Shimano, based in Japan, has been producing great cycling components for over 90 years. Decades ago, they combined derailleurs, cranks, chain, brakes, and anything else they could combine into “groupsets”, all designed to work together. They crushed the rest of the market, and now this $2.9 billion company has manufacturing lines in at least three countries. The Deore M610 groupsets are assembled in Malaysia.

Wellgo Pop-off Pedals

“Quick release” means something specific in the bike world–the ability to quickly get your foot out of a clipped-in pedal. This isn’t that (although the technology is also available in SPD). Pop-off pedals refer to the ability to remove a pedal quickly for transporting or storing a bike, manufactured only by Wellgo Pedals Corp.
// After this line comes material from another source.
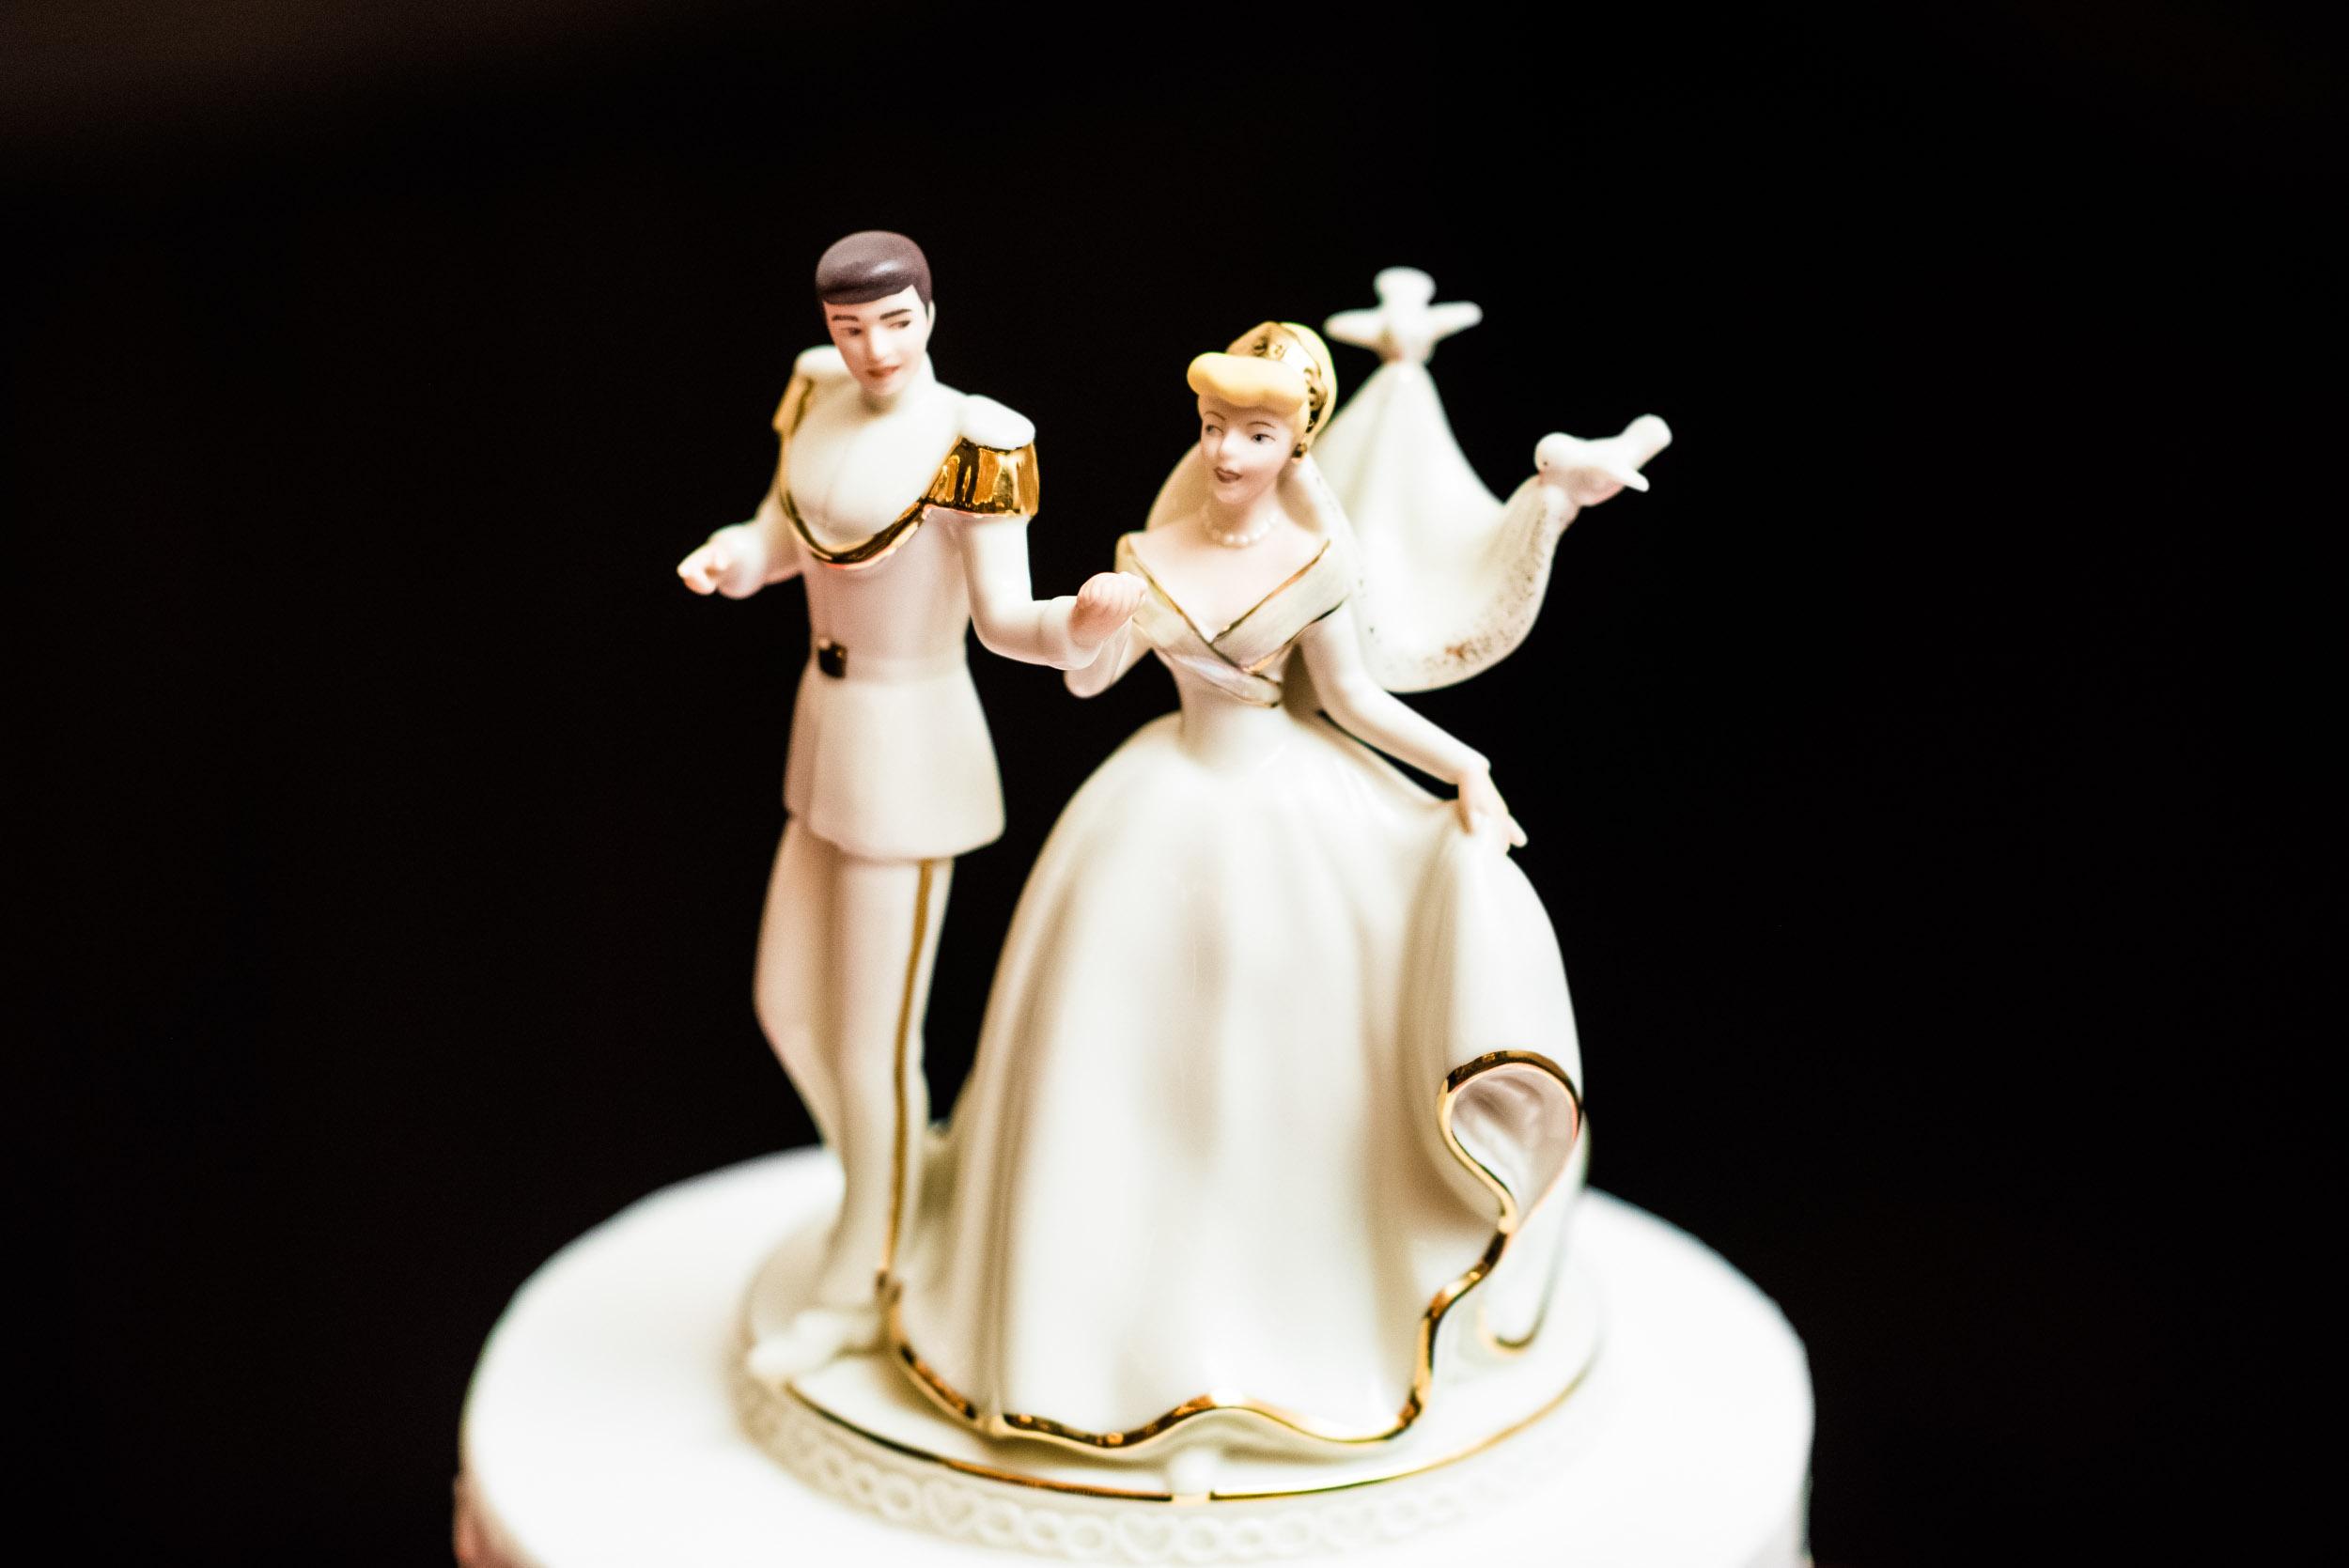 dc+metro+wedding+photographer+vadym+guliuk+photography+wedding+cake-2020.jpg

Wellgo is a big, worldwide name in pedals, supplying much of the world’s pedals, yet is a small 100-person company in Taiwan. They are now on their second generation of pop-off pedals.

Prologo Nago Evo Saddle

Designed in Italy, built in Taiwan.

With a name like that, you know it’s got some Italian in it, and yes, Prologo designs most of the world’s best bike seats, including those for numerous Tour de France winners. They are experts in polymer experimentation, carbon fiber integration, foam construction–anything needed to build the lightest, most comfortable seats. And where do they build 15 million of them a year? Taiwan.

And the answer is…

The CHANGE 812 folding mountain bike is designed in four countries and built in two, with deep expertise in Taiwan, today’s epicenter of high-quality bike manufacturing. Now that FOX has moved their assembly line to Taiwan, there isn’t the strange case of US forks exported from California to Tawain, only to be re-imported on a bike for California customers. It’s just one super-powerful supply chain in Taiwan that integrates the best design from around the world, builds it to world-class standards, and distributes to the world.

What’s in YOUR bike?

Bob Forgrave's Signature

Bob Forgrave is president of Flatbike, an
ecommerce company offering full-size folding bikes
and kits to make any bike take up half the space.



  1. Chad Davis says:

    I have one of these change bicycles, but mine just has the original straight shot of straight forks on the front it doesn’t have the shock on the front it just has regular forks solid forks. but I have on the box and it’s all original and I’m wondering what the retail costs that bike is and what year it was produced.

    1. Bob Forgrave says:

      Hi, Chad. This really doesn’t give me enough to go on, but here’s some semi-useful background. If we’re talking about the mountain bike frame (with the thick downtube from handlebars to pedals), the wheels used to be 26″ before switching to 27.5″. So that makes it about 2018 or earlier.

      And if you’ve got one of these MTB-frame bikes with a solid fork that isn’t carbon fiber, then it’s earlier than 2016.

      I have no idea how you’d assign either a historical or current dollar value. There’s no blue book with bikes as with cars. Today’s equivalent bike with a ton of upgrades is about $1400-$1600 depending upon what model we’re talking about.